Pre-norm transformer block:
x = x + Attention(Norm(x))
x = x + FFN(Norm(x))
"""
# TODO
pass
Exercise 6.6: Feed-Forward Network¶
Implement the FFN sublayer:
class FeedForward:
def __init__(self, d_model, d_ff):
self.W1 = np.random.randn(d_model, d_ff) * 0.02
self.W2 = np.random.randn(d_ff, d_model) * 0.02
self.b1 = np.zeros(d_ff)
self.b2 = np.zeros(d_model)
def forward(self, x):
"""FFN(x) = W2 * GELU(W1 * x + b1) + b2"""
# TODO
pass
Exercise 6.7: Layer Normalization¶
Implement LayerNorm:
class LayerNorm:
def __init__(self, dim, eps=1e-5):
self.gamma = np.ones(dim)
self.beta = np.zeros(dim)
self.eps = eps
def forward(self, x):
"""
mean = x.mean(axis=-1)
var = x.var(axis=-1)
x_norm = (x - mean) / sqrt(var + eps)
return gamma * x_norm + beta
"""
# TODO
pass
Exercise 6.8: Full Transformer Stack¶
Build a complete transformer:
class Transformer:
def __init__(self, vocab_size, d_model, n_heads, n_layers, d_ff, max_len):
self.embed = Embedding(vocab_size, d_model)

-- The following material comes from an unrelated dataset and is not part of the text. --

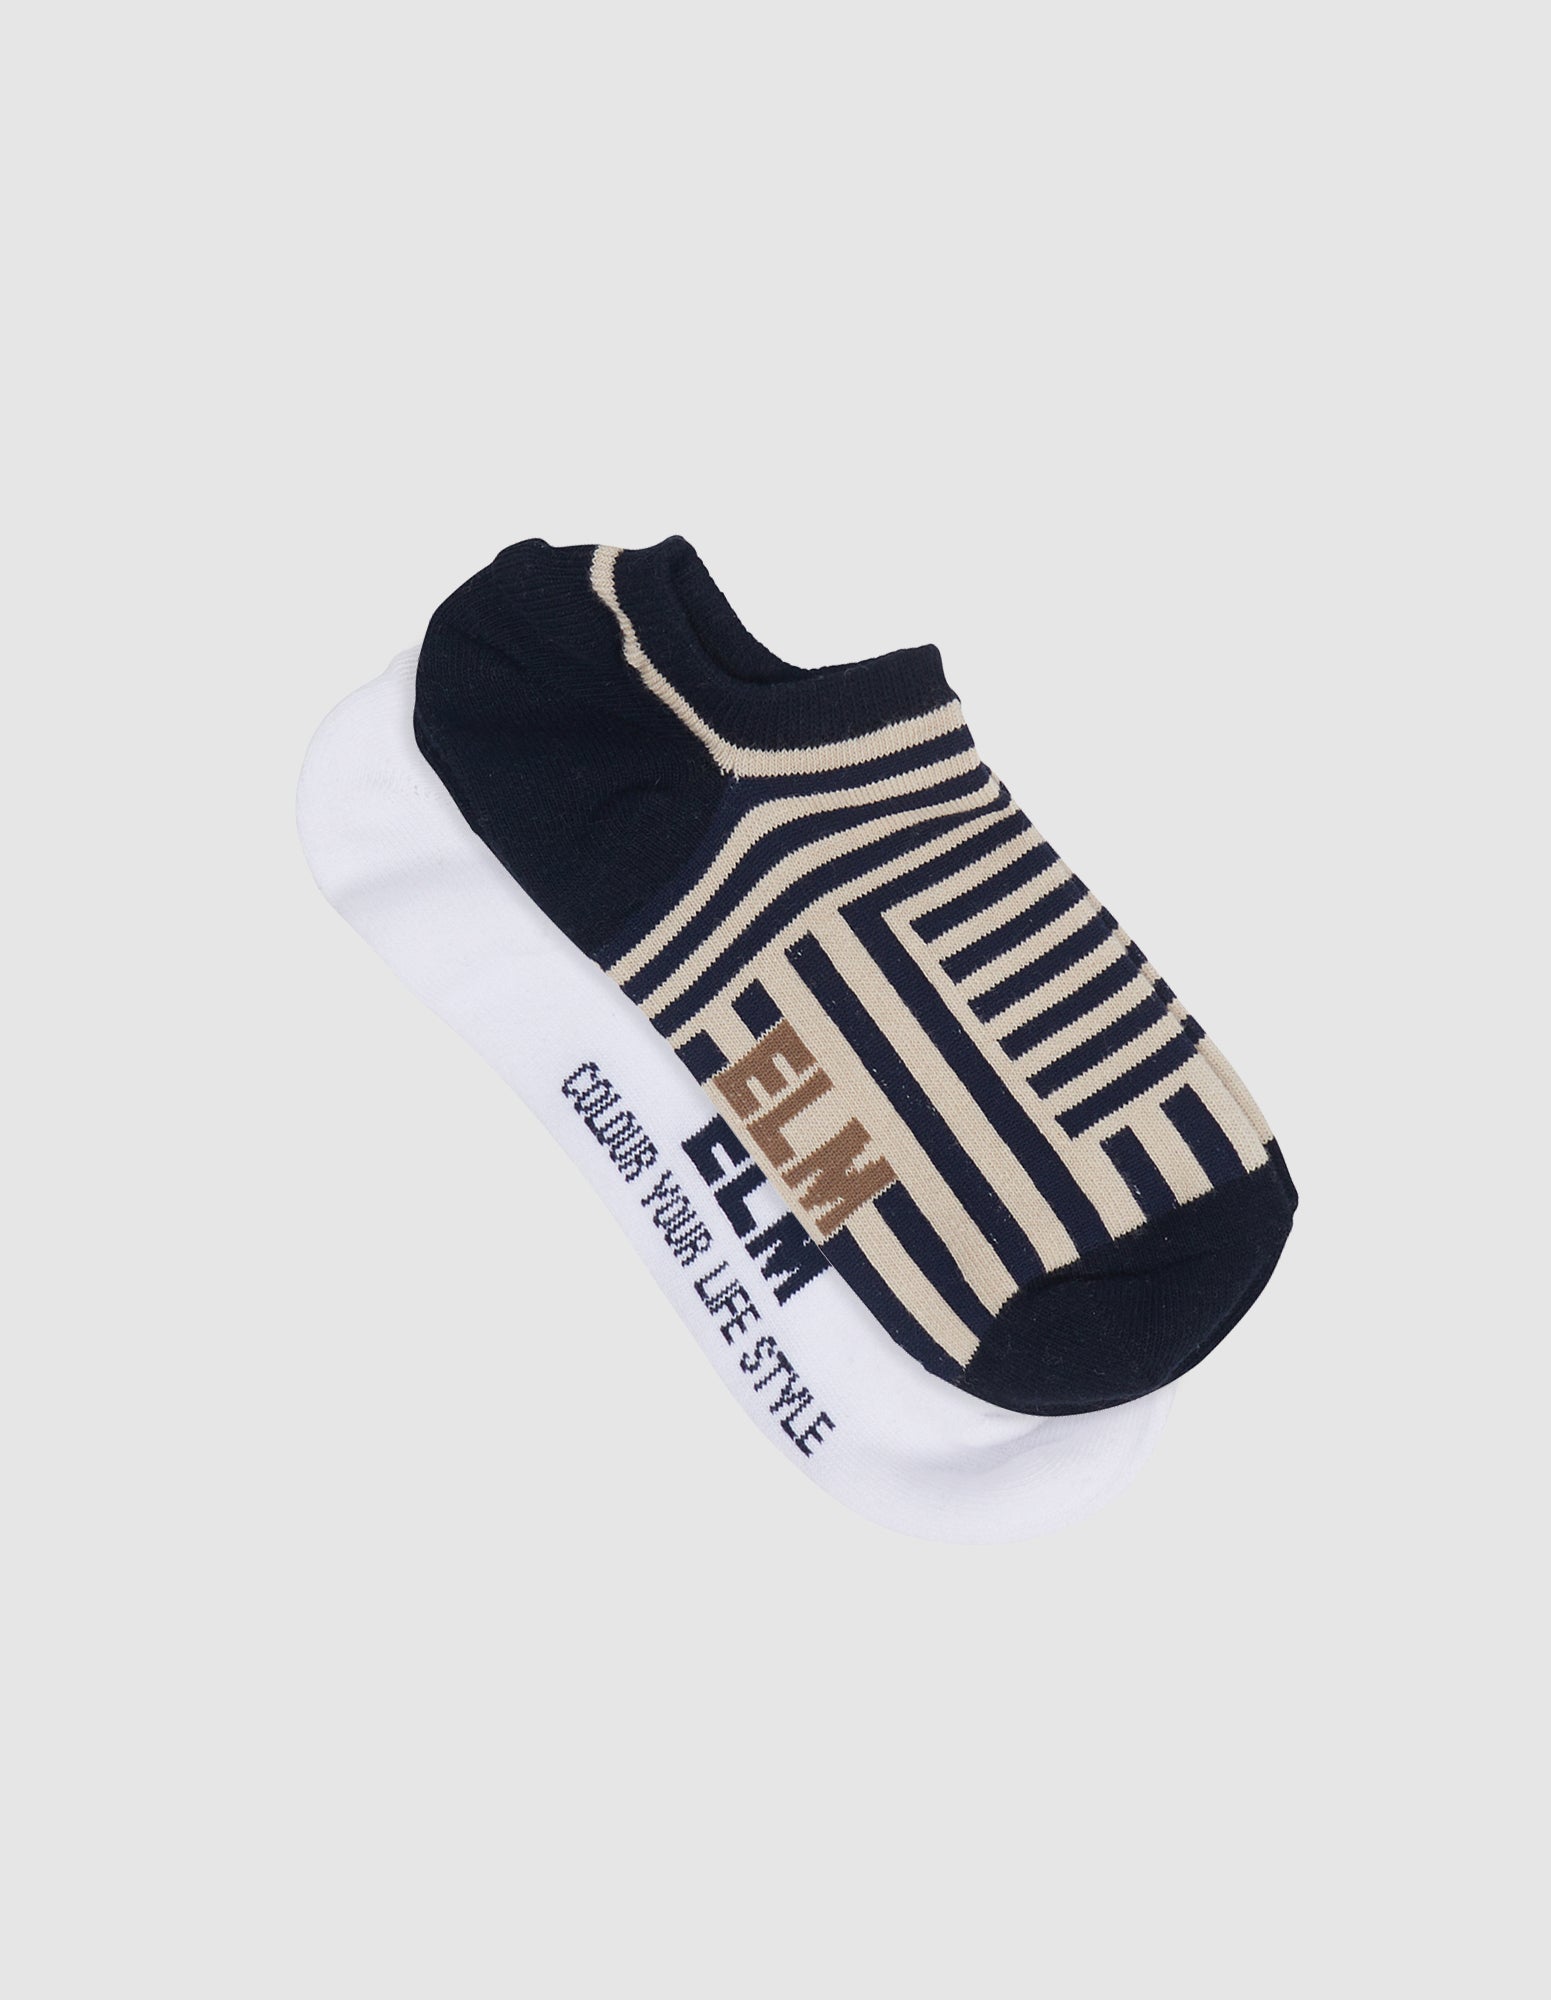 Bauhaus Ankle Sock 2 Pack

self.pos_embed = PositionalEncoding(max_len, d_model)
self.layers = [
TransformerBlock(d_model, n_heads, d_ff)
for _ in range(n_layers)
]
self.output = Linear(d_model, vocab_size)
def forward(self, tokens):
"""tokens [batch, seq] -> logits [batch, seq, vocab]"""
# TODO
pass
Challenge Exercises¶
Exercise 6.9: Parameter Counting¶
For a transformer with: - vocab_size = 50,000 - d_model = 768 - n_heads = 12 - n_layers = 12 - d_ff = 3072
a) How many parameters in the embedding layer? b) How many in each attention sublayer? c) How many in each FFN sublayer? d) Total parameters?
Compare your answer to GPT-2 small (117M parameters).
Exercise 6.10: RoPE Implementation¶
Implement Rotary Position Embeddings (RoPE):
def apply_rope(x: np.ndarray, positions: np.ndarray) -> np.ndarray:
"""
Apply rotary position embeddings.
Instead of adding position, rotate the embedding based on position.
"""
# TODO: Research and implement
pass
Exercise 6.11: SwiGLU Activation¶
Implement the SwiGLU activation (used in LLaMA, PaLM):
class SwiGLU_FFN:
def __init__(self, d_model, d_ff):
# Note: SwiGLU has 3 weight matrices, not 2
self.W_gate = ...
self.W_up = ...
self.W_down = ...
def forward(self, x):
"""
gate = silu(x @ W_gate)
up = x @ W_up
return (gate * up) @ W_down
"""
# TODO
pass
Checking Your Work¶
- Test suite: See
code/stage-06/tests/test_transformer.pyfor expected behavior - Reference implementation: Compare with
code/stage-06/transformer.py - Self-check: Verify output shapes match expectations and gradients flow correctly
Mini-Project: Tiny Transformer¶
Build a complete, working transformer language model from scratch.
Requirements¶
- Architecture: At least 2 layers, 2 heads, 64 dimensions
- Training: Train on a text corpus until loss < 2.0
- Generation: Generate coherent text
Deliverables¶
- [ ] Complete transformer implementation
- [ ] Training script with logging
- [ ] Loss curve showing convergence
- [ ] Generated text samples
- [ ] Parameter count breakdown
Extension¶
Compare pre-norm vs. post-norm. Which trains more stably?